Połykanie kamieni przez zwierzęta jest na tyle powszechne, że istnieje nawet termin określający te kamienie jako gastrolity. Niektóre ptaki, w tym kury, połykają małe kamienie, które przechowują w żołądku, by pomagały w rozdrabnianiu pokarmu. Jednak spośród tysięcy skamieniałych ptaków z tej samej grupy co ten malutki okaz, nigdy nie znaleziono takich kamieni żołądkowych.
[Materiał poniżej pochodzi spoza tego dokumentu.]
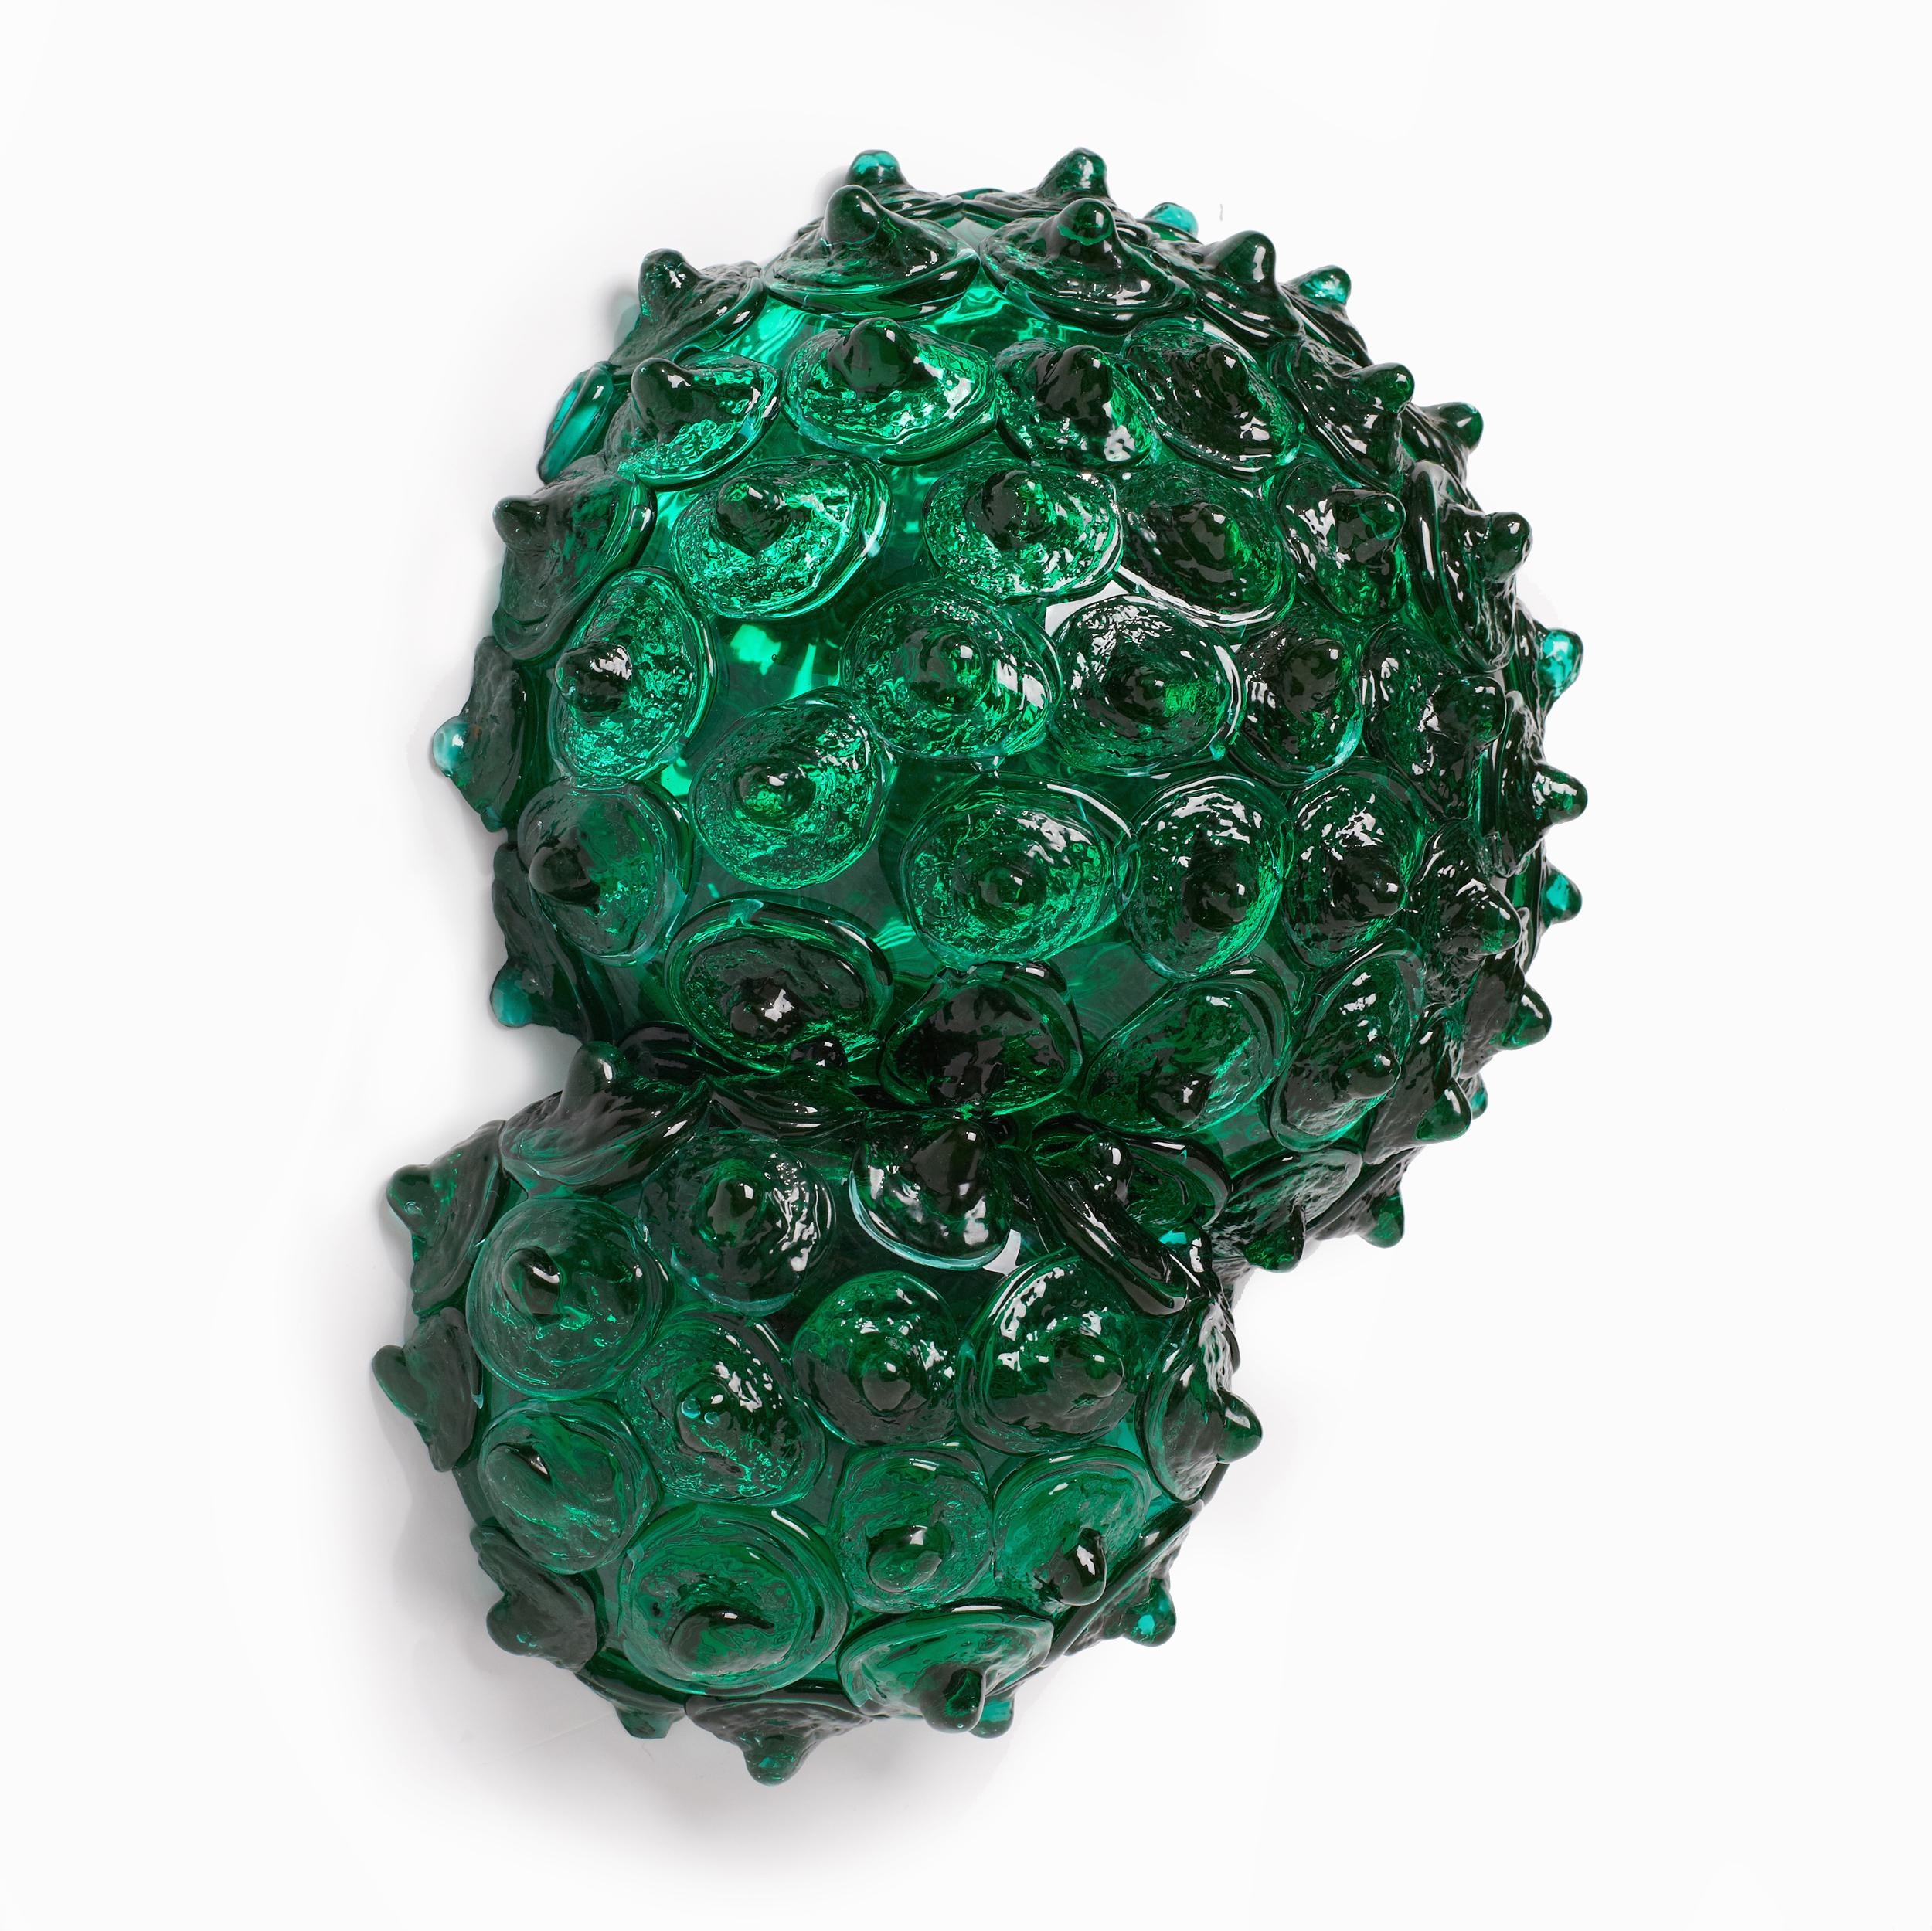 Green double bubble no. 2, Katherine Rutecki, 2016
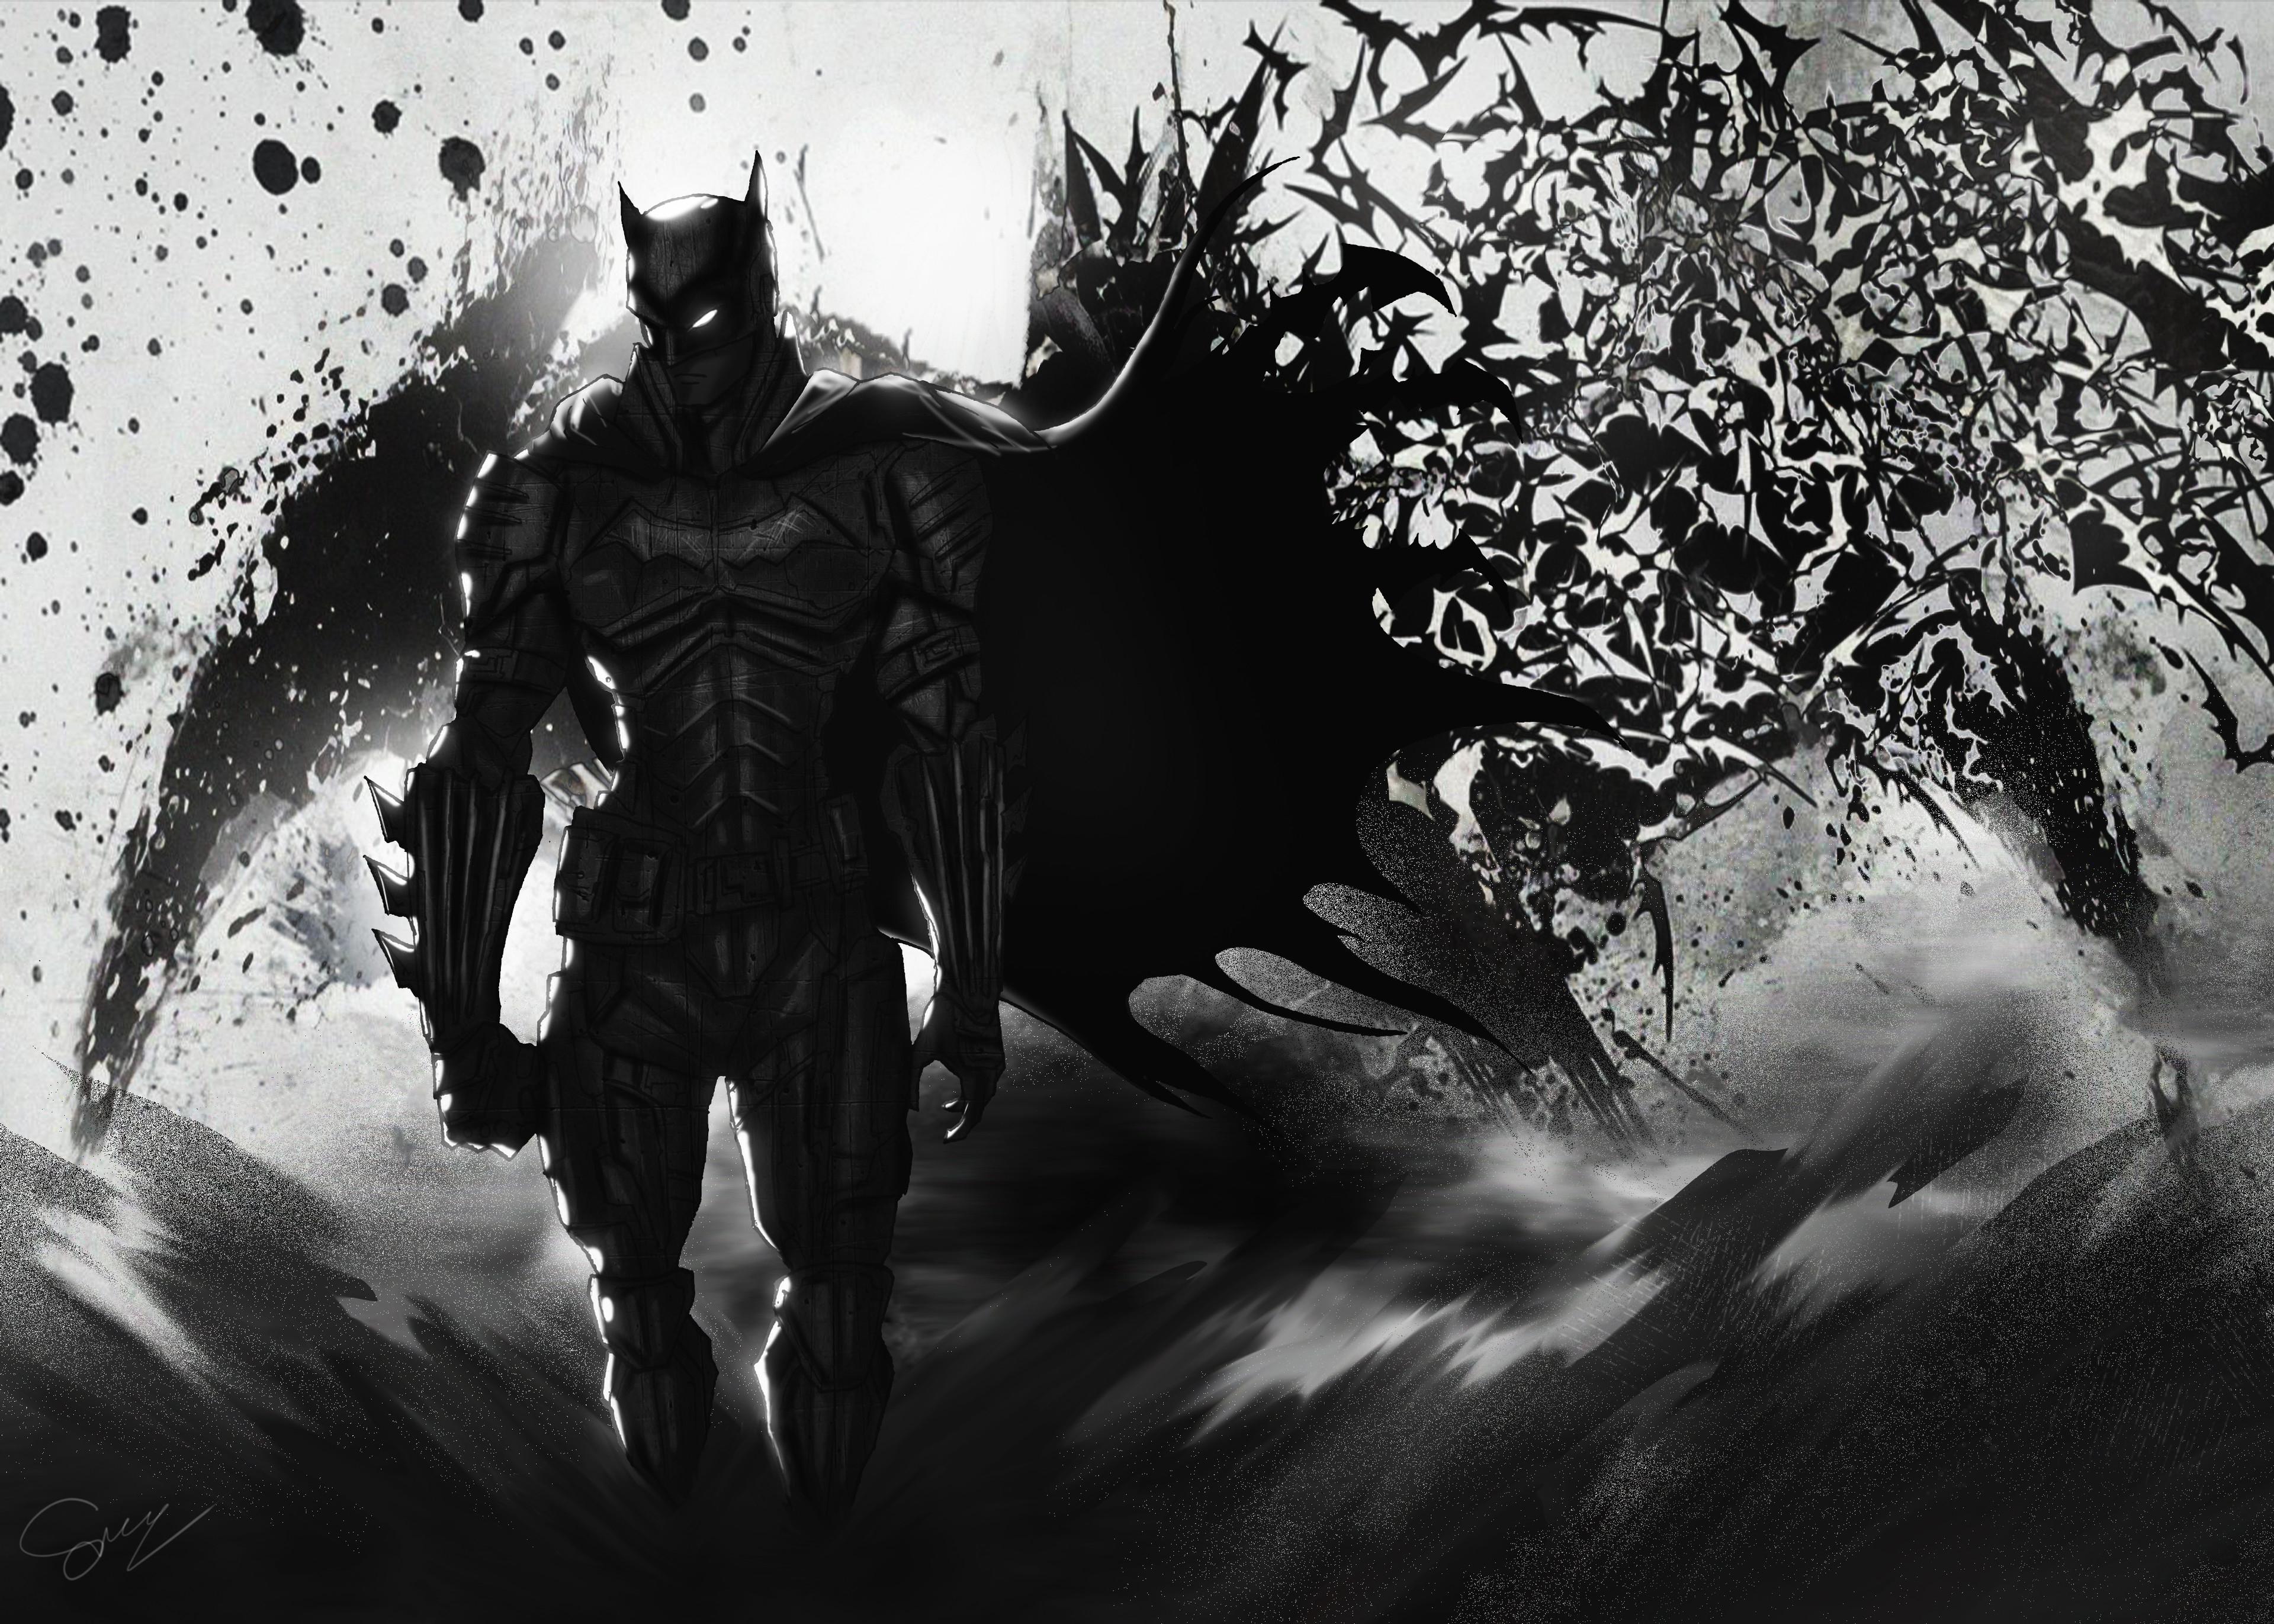 ArtStation - Batman, ★ STATO ☆ in 2021 | Batman, Dark

Porównanie obrazów tomograficznych tej skamieliny z wynikami podobnych badań szczątków ptaków z kamieniami żołądkowymi pokazało, że to zupełnie inny przypadek. W gardle tego ptaka znaleźliśmy ponad 800 maleńkich kamieni, znacznie więcej, niż można znaleźć u ptaków w żołądku. Na podstawie ich gęstości widać, że niektóre nie były zresztą kamieniami, wyglądały raczej na maleńkie kulki gliny. Na podstawie tych danych możemy bardzo wyraźnie stwierdzić, że te kamienie nie zostały połknięte, aby pomóc ptakowi rozdrabniać pokarm - podkreśla O’Connor.
Skoro to nie były kamienie żołądkowe, ptak musiał je połykać z innego powodu. Być może po prostu był chory.
Kiedy ptaki są chore, zaczynają robić dziwne rzeczy. Postawiliśmy więc wstępną hipotezę, że jadł kamienie, ponieważ był chory, ale połknął ich za dużo i nie był w stanie ich już zwrócić. Masa kamyków utknęła w przełyku i ptak się zadławił - tłumaczy autorka.
Skamieniałość reprezentuje nowy gatunek ptaka, a zatem nowy gatunek dinozaura. O’Connor nazwała go Chromeornis funkyi na cześć duetu techno-funkowego Chromeo, jednego ze swoich ulubionych zespołów. Choć nie sposób ocenić, jakie dźwięki wydawał ten ptak, nie można wykluczyć, że ładne, duet przyjął więc takie wyróżnienie z radością.